DATASET EXCERPTS:
★ ★ ★ ★ ★ ★ ★
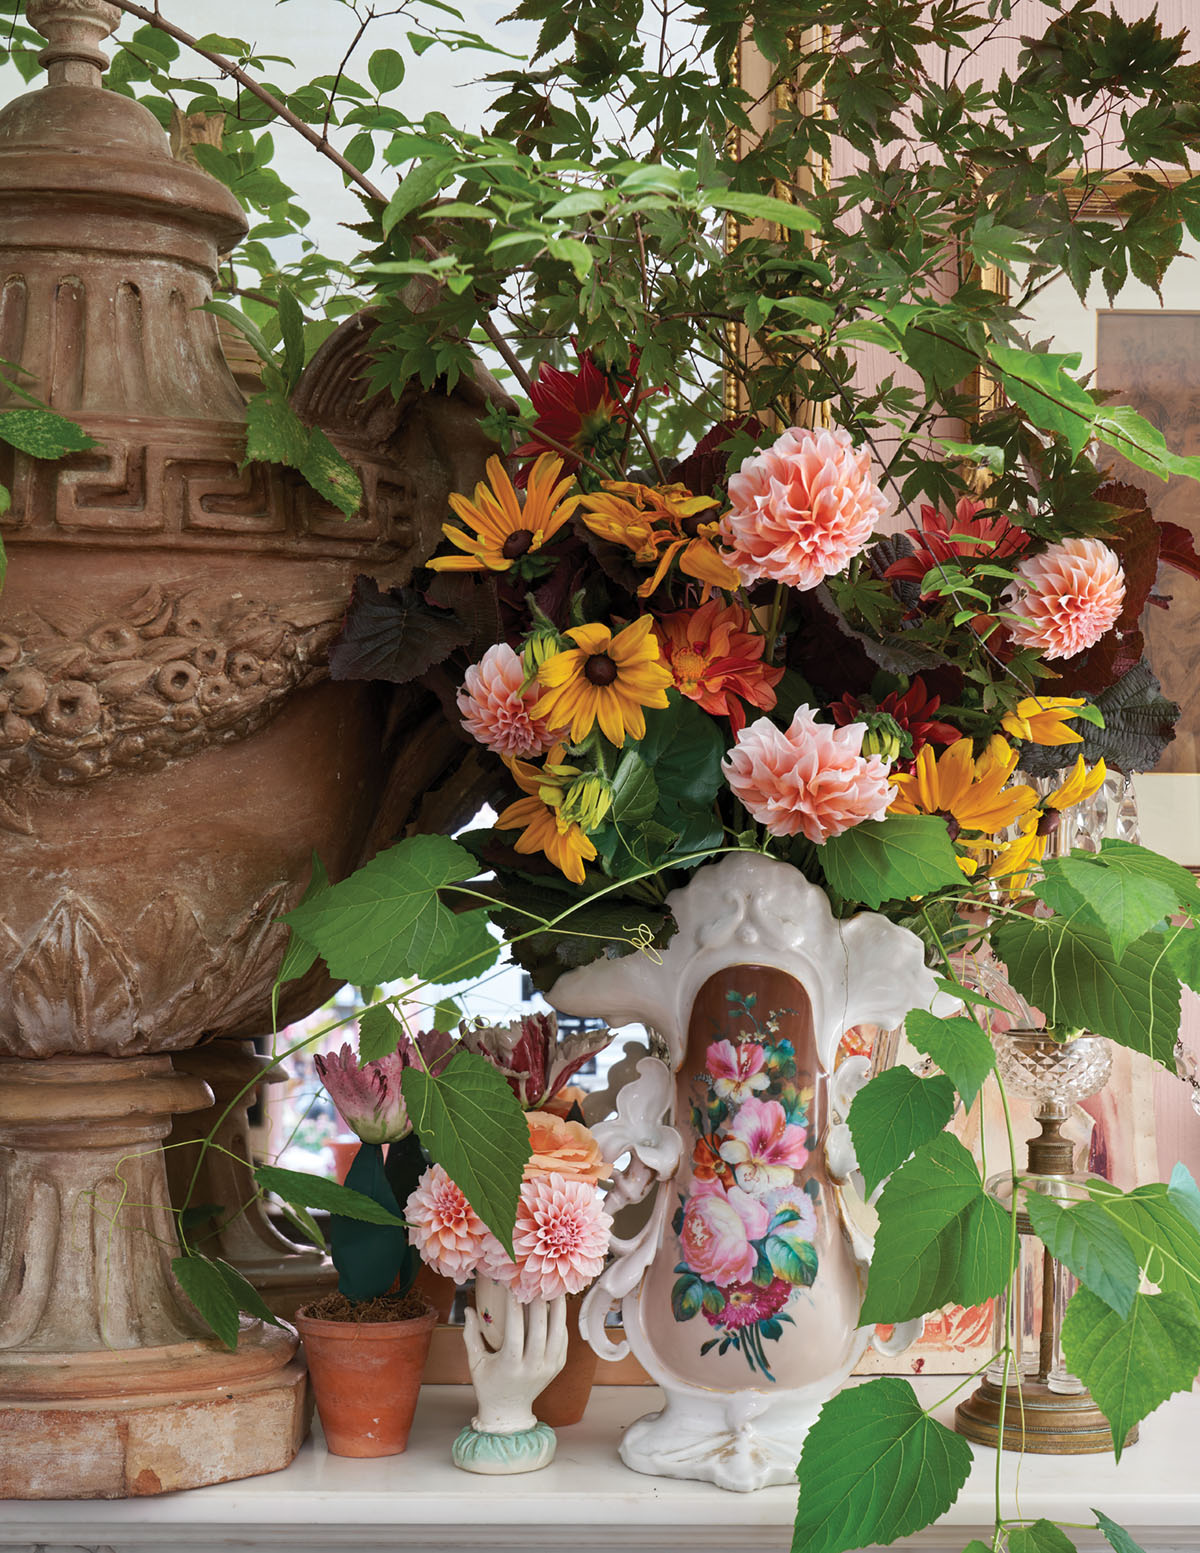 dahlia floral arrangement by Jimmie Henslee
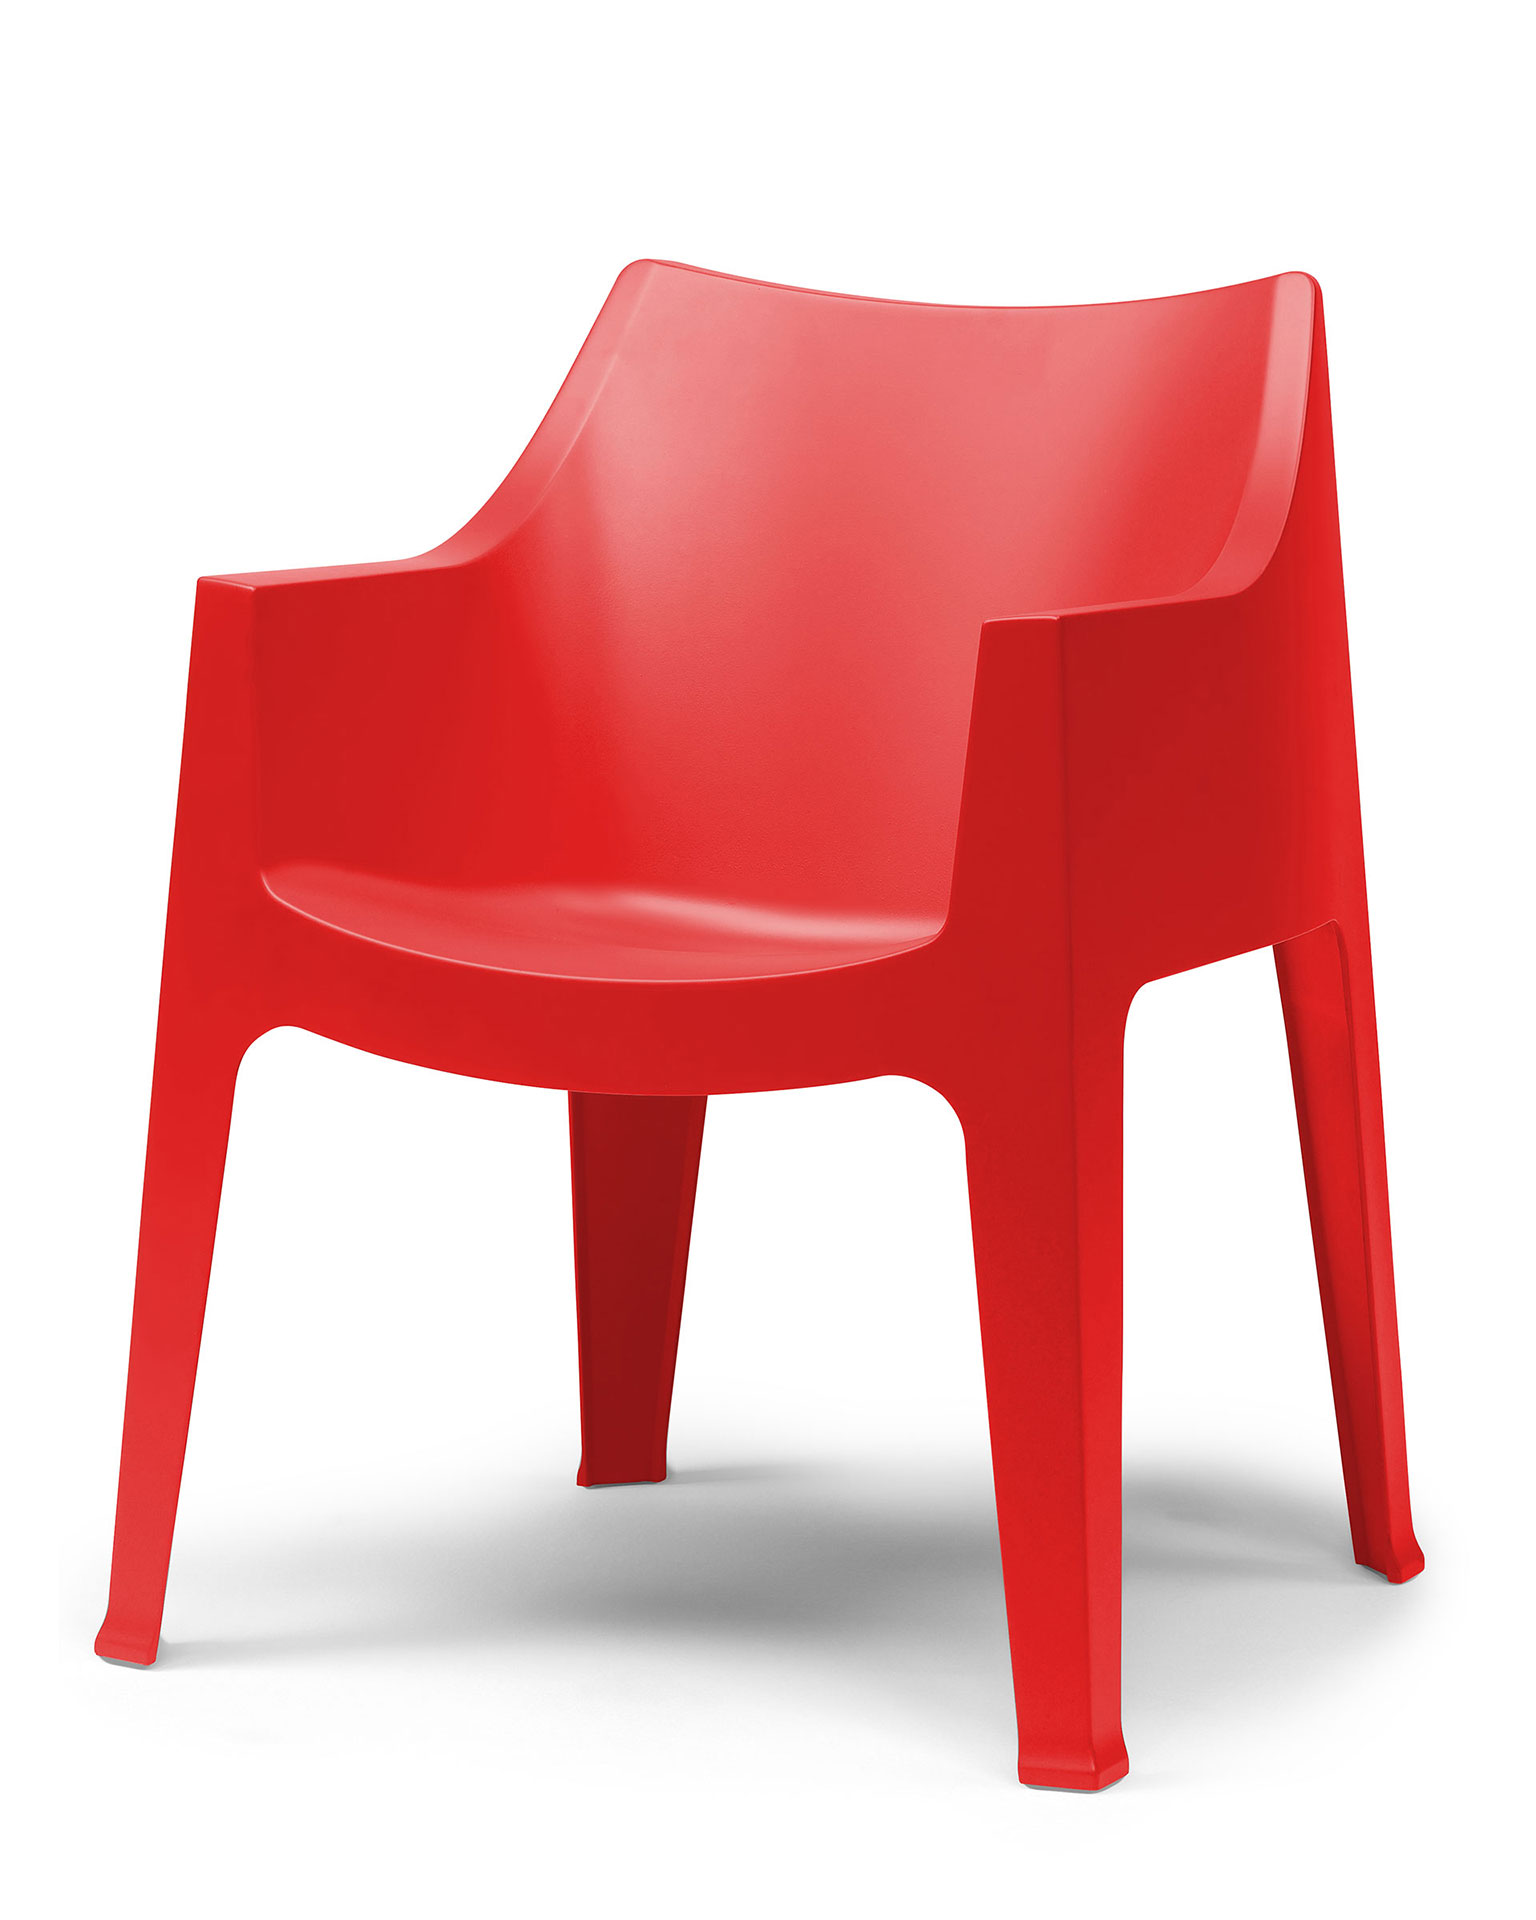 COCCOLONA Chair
★ ★ ★ ★ ★ ★ ★
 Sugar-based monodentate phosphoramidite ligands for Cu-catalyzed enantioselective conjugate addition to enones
★ ★ ★ ★ ★ ★ ★
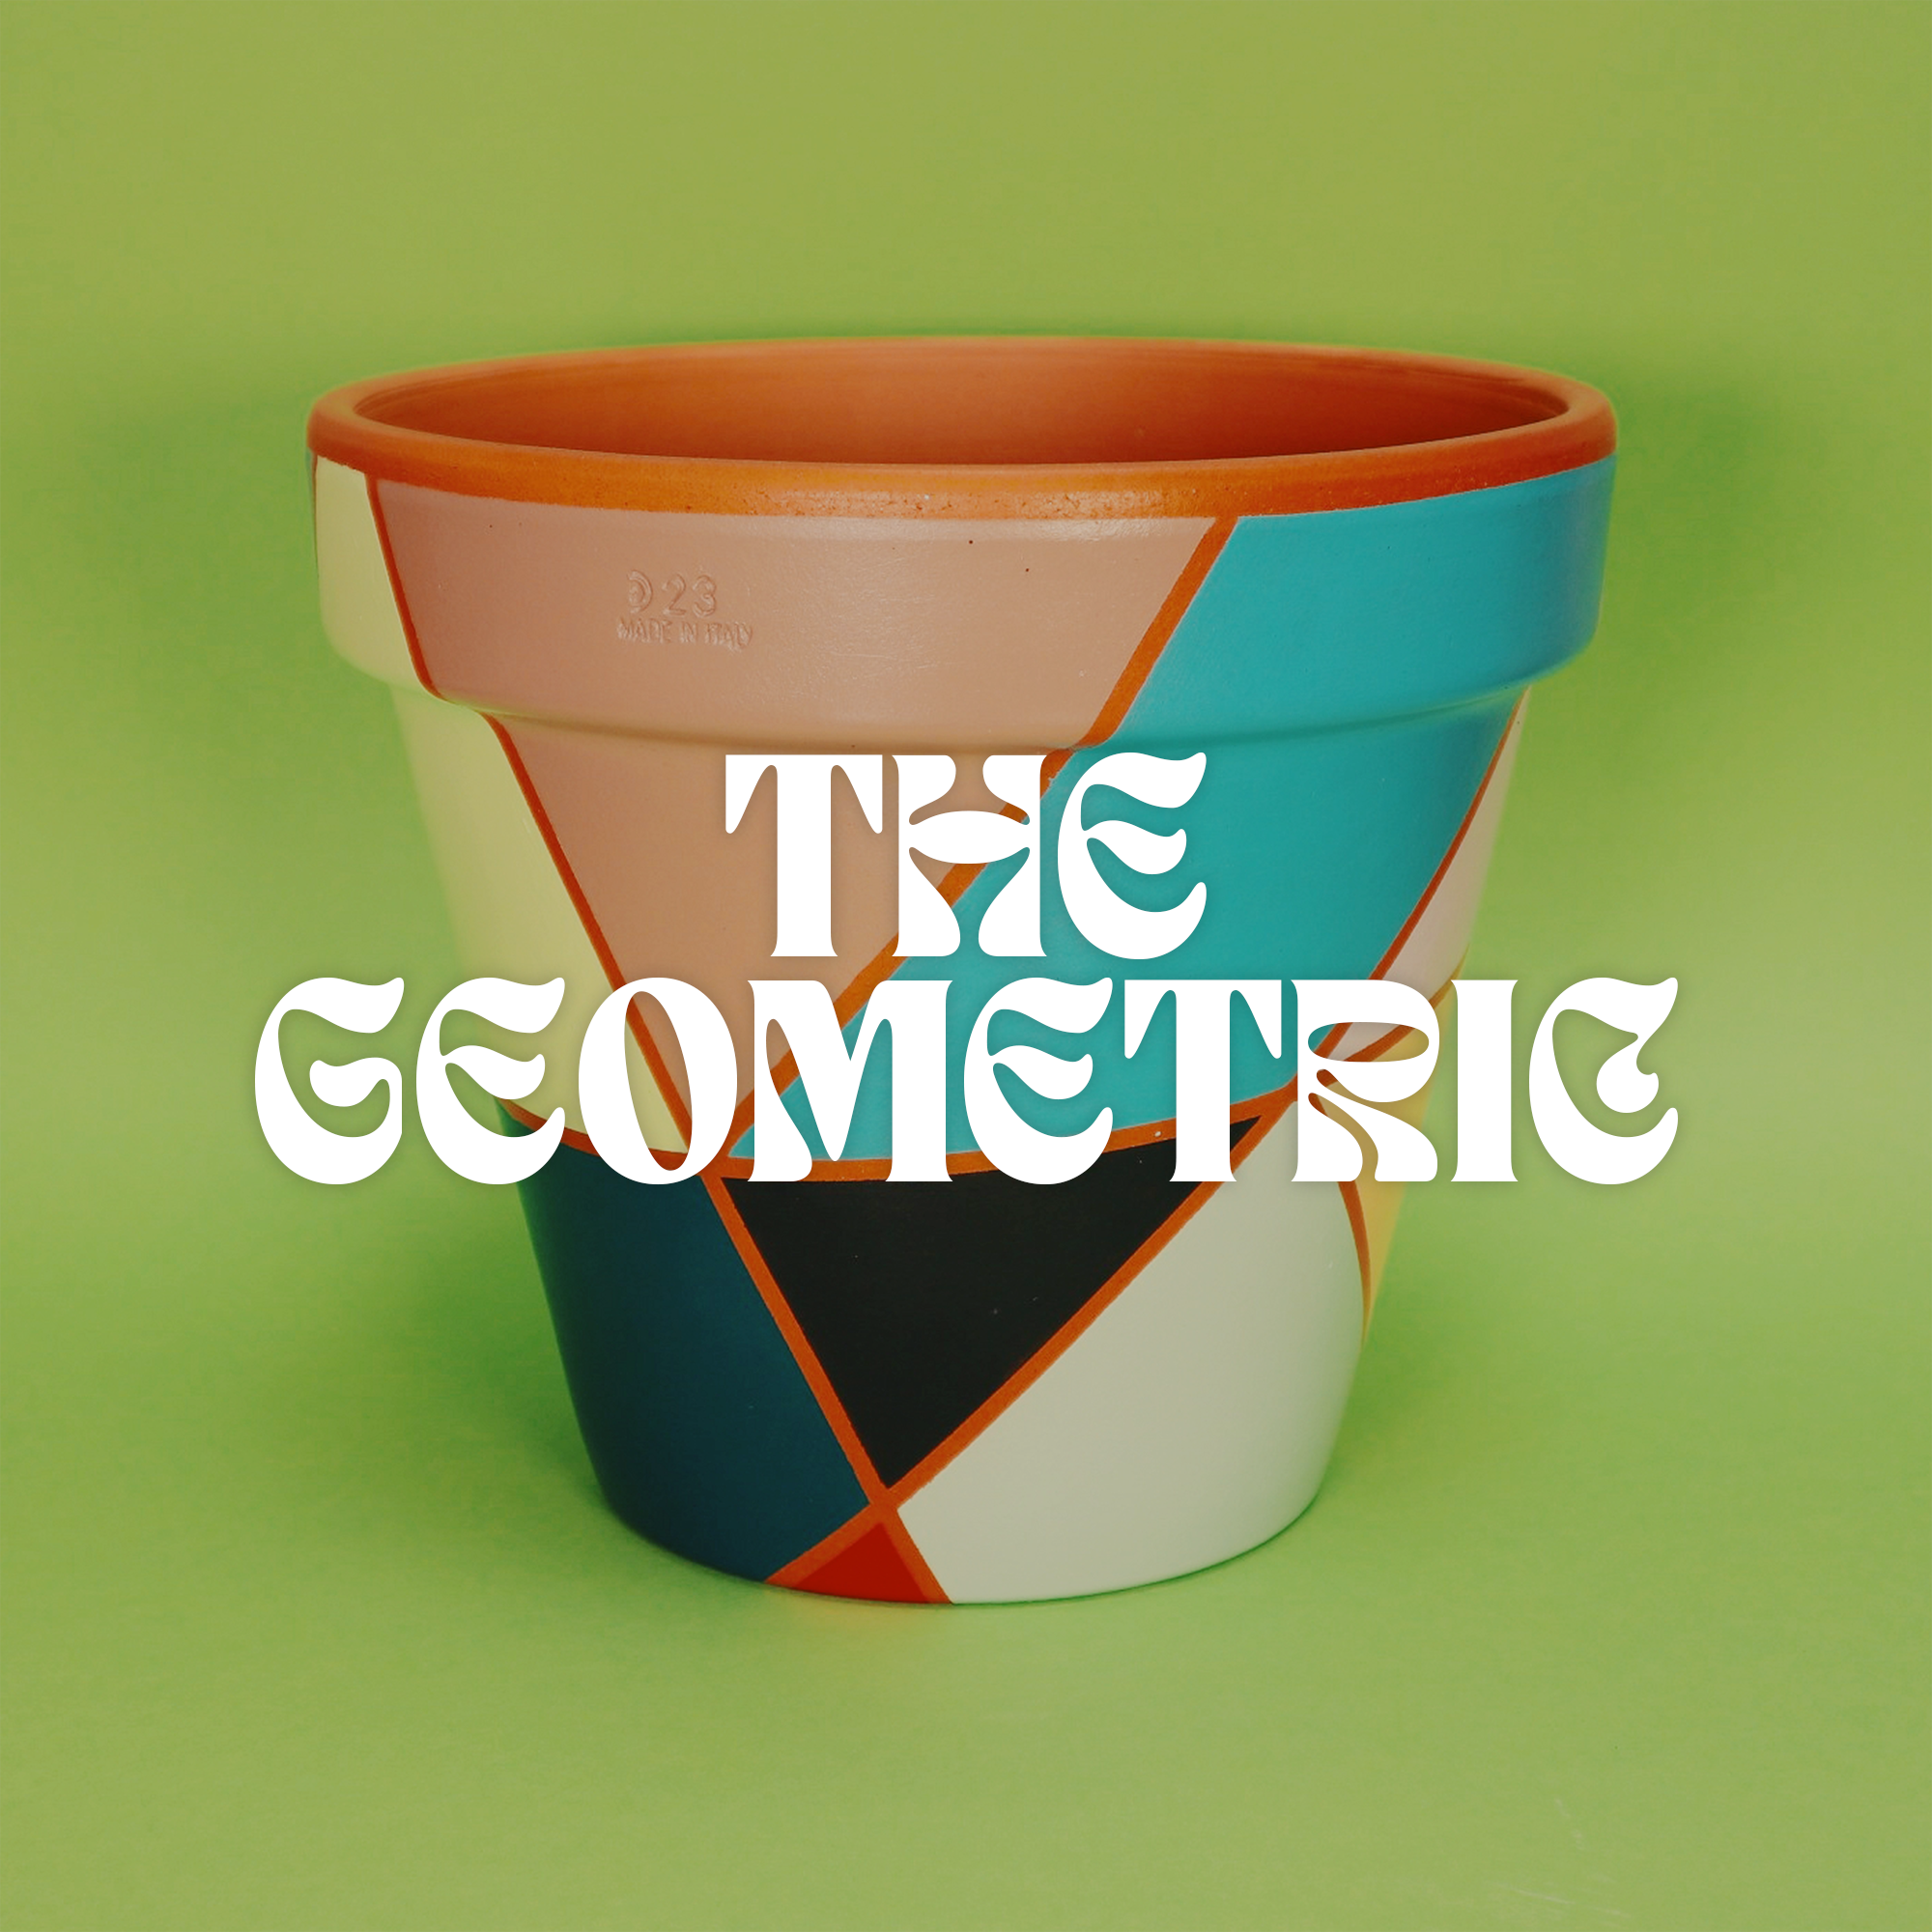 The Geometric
★ ★ ★ ★ ★ ★ ★
TO DO:
The response must repeat exactly the lines above from the one with "dahlia floral arrangement by Jimmie Henslee" through the one with "COCCOLONA Chair", including both, and must contain no pictures and no other text.

SOLUTION FOR THIS EXERCISE:
 dahlia floral arrangement by Jimmie Henslee
 COCCOLONA Chair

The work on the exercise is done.